Background: The curative effects of GvL following transfer of donor-derived T cells during allogeneic stem cell transplantation (SCT) are well established. However, little is known about the nature, origin and kinetics of the anti-leukemic T-cell responses involved.
Methods: We used quantitative real-time PCR (qRT-PCR) for interferongamma mRNA production (IFN-gamma) and PR1/HLA-A*0201 tetramer staining to detect PR1-specific CD8+ T-cell activity in a donor and a patient with CML. Unbiased strand switch anchored RT-PCR was used to further characterize specific clones in PR1 sorted CD8+ T-cell populations.

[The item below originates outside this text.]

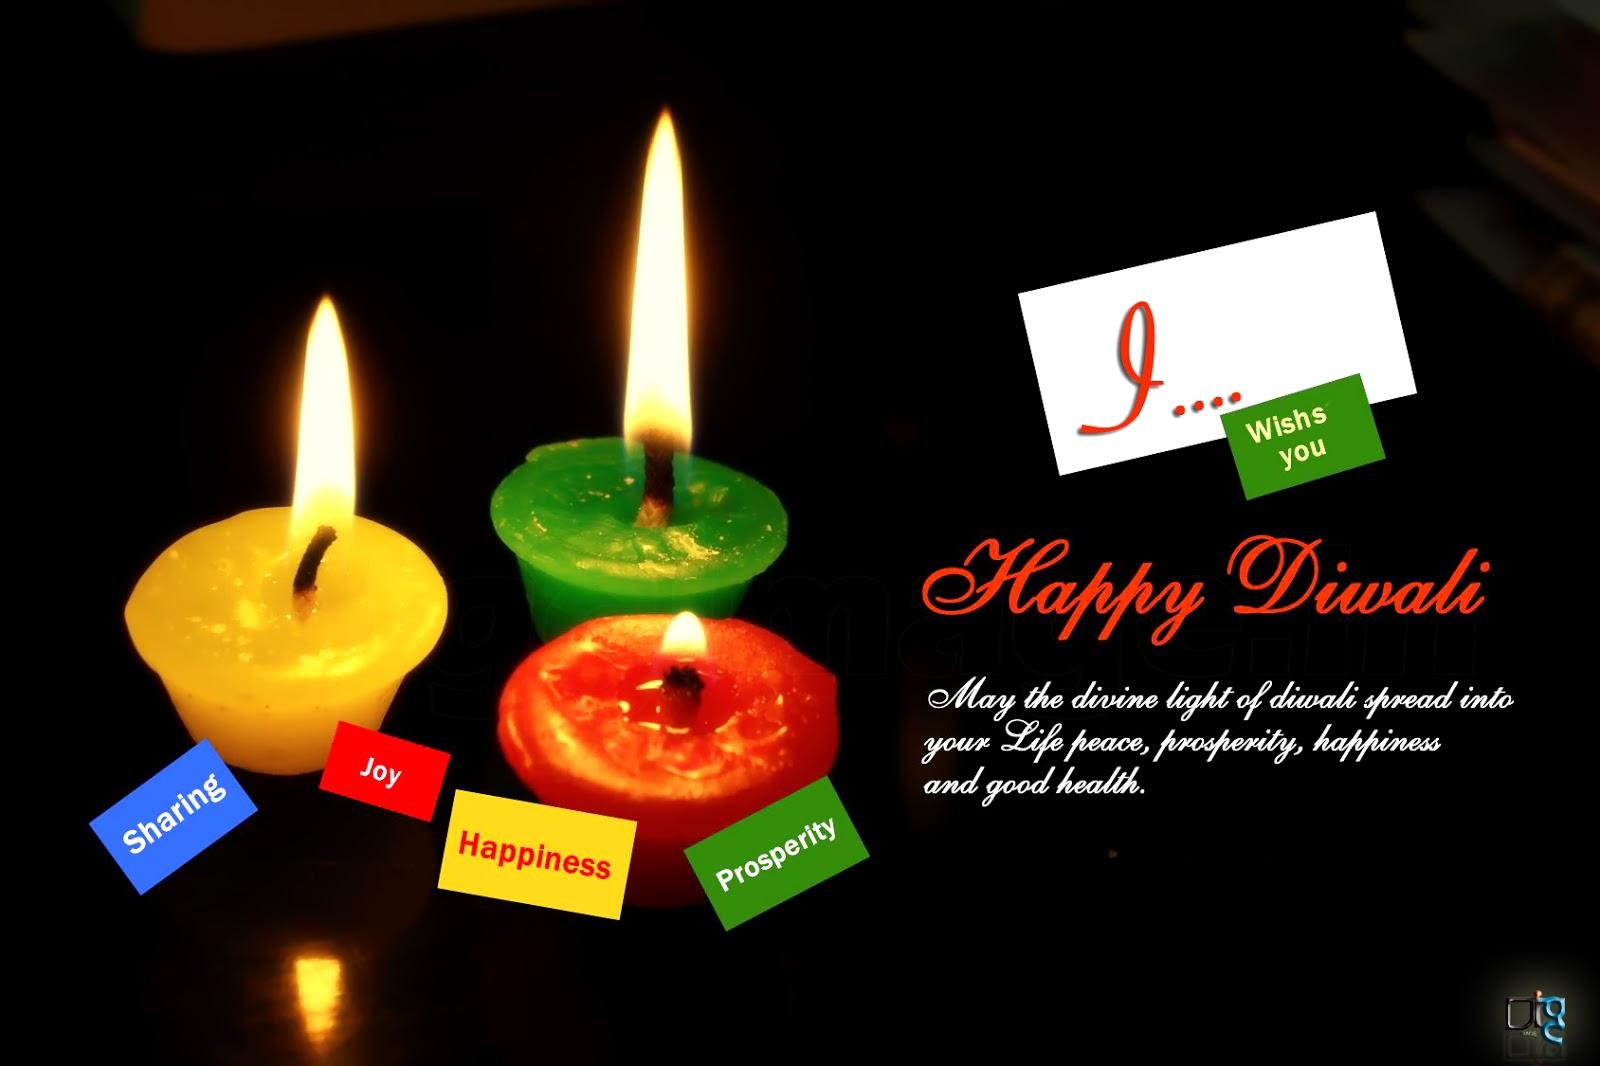 Diwali Greetings Diwali Wishes Wish You Happy Dipawali Google

Results: We identified PR1-specific CD8(+) T-cell clones from a donor pre-transplant, and demonstrated their transfer in the recipient's blood post-SCT using molecular tracking of Ag-specific T-cell receptors. PR1-specific CD8(+) T-cell populations were polyclonal, with a range of functional avidities for cognate Ag, and displayed predominantly effector memory phenotype early post-SCT, suggesting active stimulation in vivo. Expansion of these PR1-specific CD8(+) T-cell clones in the recipient was followed by complete remission of CML.
Discussion: This report represents the first direct demonstration that PR1-specific CD8(+) T-cell clones can be transferred during SCT, and supports the feasibility of pre-transplant vaccination strategies that aim to boost the number of anti-leukemic T cells in the graft.